Graduate Student Indiana University School of Medicine, United States
Introduction: Multiple myeloma(MM) cells are critically dependent on the bone marrow microenvironment(BME) for survival. We have previously shown that a key pro-survival interaction is MM engagement with the dendritic cells(DCs) in the BME, leading to the production of the highly immunosuppressive enzyme indoleamine 2,3-dioxygenase 1(IDO1) by DCs. IDO1 catabolizes tryptophan(TRP)kynurenine(KYN), and this depletion of TRP in the ME suppresses T cell activation. KYN is a ligand for transcription factor aryl hydrocarbon receptor(AHR) that induces essential pro-survival programs in MM. Below we have made the novel observation that MM cells can catabolize TRP⇒KYN independently through upregulation of tryptophan 2,3 dioxygenase(TDO). High TDO expression was correlated with poor clinical outcomes in MM patients; direct TDO inhibition caused MM cell death. These findings suggest that understanding how MM cells metabolize TRP could identify novel treatment targets that may also abrogate the immunosuppressive ME.

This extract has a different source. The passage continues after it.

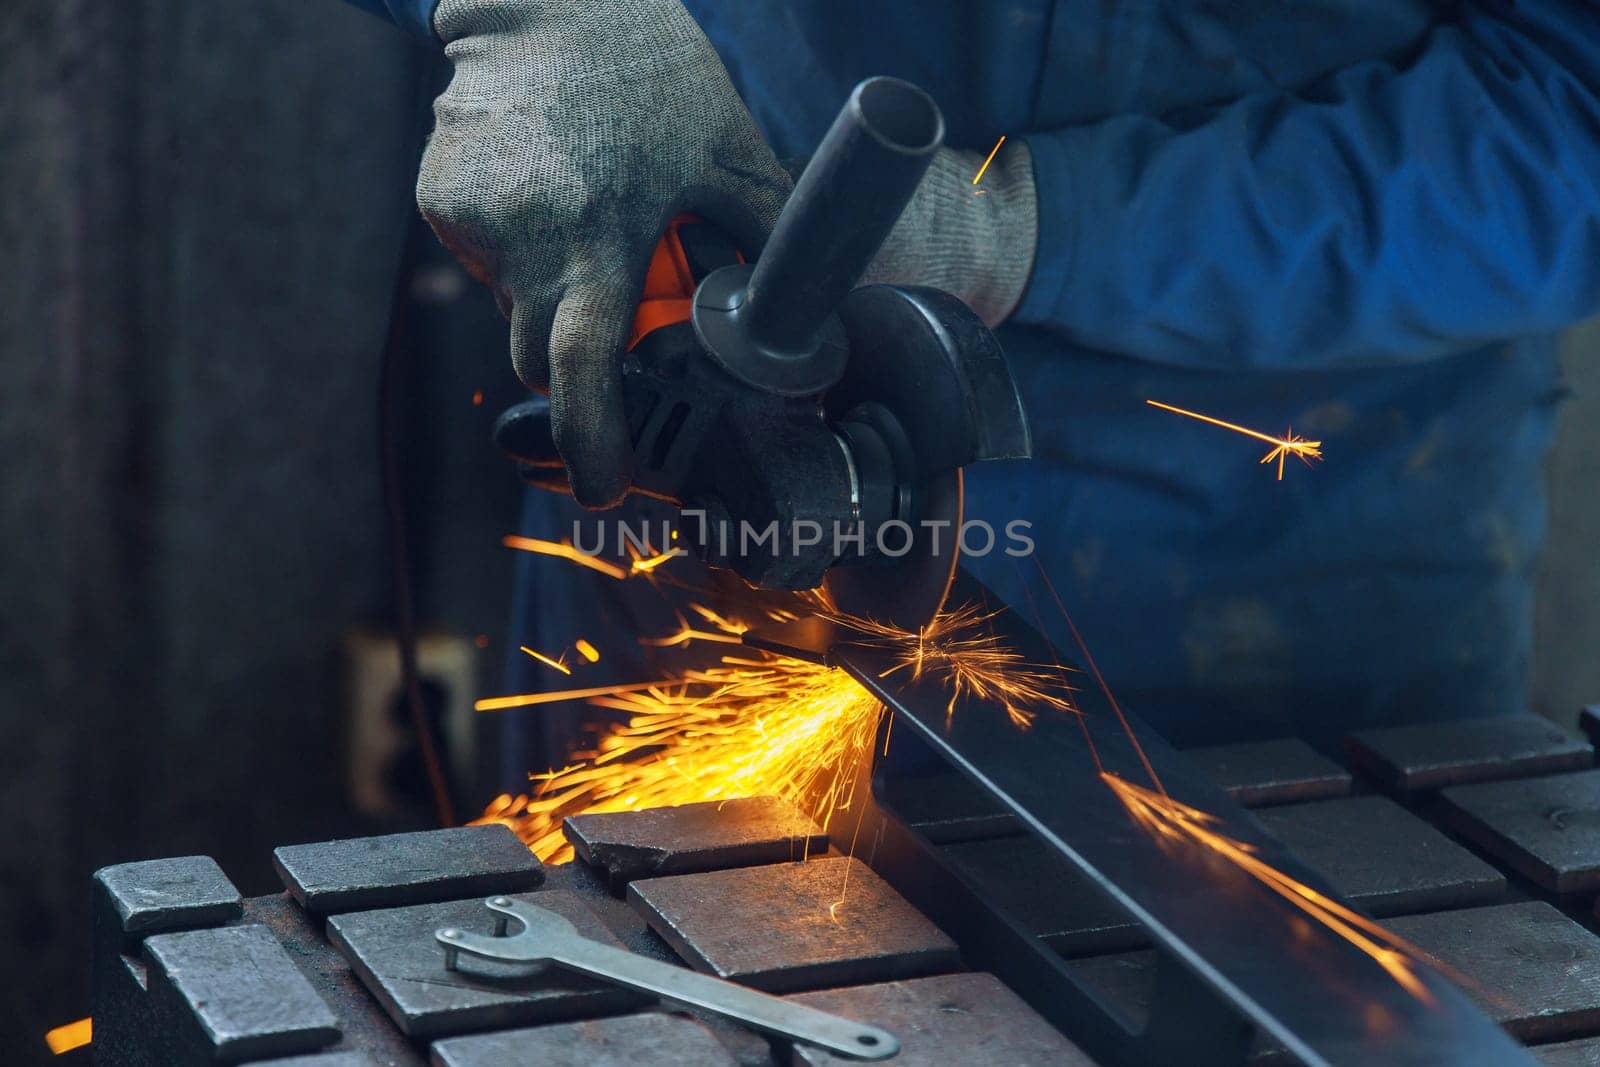 Metalwork workplace has master grinding metal an electric spark is generated as he grinds metal in factory

Methods: Patient RNA expression data were taken from the CoMMpass database. We measured MM cell lines U266, 8226, MM1S and KMS11 for expression of TRP⇒KYN enzymes with western blot and qPCR. TDO was knocked down with shRNA or inhibited with TDO-specific inhibitor 680C91. In some experiments MM cell lines were co-cultured with monocyte-derived DC. Viability was measured through flow cytometry. AHR activation was measured through qPCR of its downstream target CYP1a1. KYN production was measured by ELISA.
Results: MM cells produce KYN in monoculture, indicating they produce TRP⇒KYN enzymes directly. MM cells do not express IDO1, but three of our four cell lines (8226, MM1S and KMS11) expressed the tryptophan metabolizing enzyme TDO. CoMMpass patients with the highest quartile of TDO expression have significantly lower rates of progression-free and overall survival. In vitro pharmacological inhibition or shRNA knockdown of TDO led to reduced cell viability and growth in all TDO+ cell lines but not the TDO- cell line U266. TDO inhibition led to reduced production of KYN and reduced expression of AHR downstream target CYP1a1. Co-culture with dendritic cells was only able to partially protect MM cell viability and restore KYN production from TDO inhibition.
Conclusions: TRP metabolism has a central role in MM cell survival and we have made the novel observation that MM cells can metabolize TRP independently through the expression of TDO. TDO expression is linked to patient survival. We predict that the depletion of TRP could repress anti-MM T cell activity and production of KYN could directly support MM survival through AHR activation. TDO upregulation may be one mechanism by which MM cells become independent of the BME, which clinically heralds highly treatment-refractory disease. Understanding the pro-MM survival roles of the TRP metabolizing enzymes could lead to novel therapies that directly target the MM cell and reverse the immunosuppressive ME, leading to better responses to immunotherapy.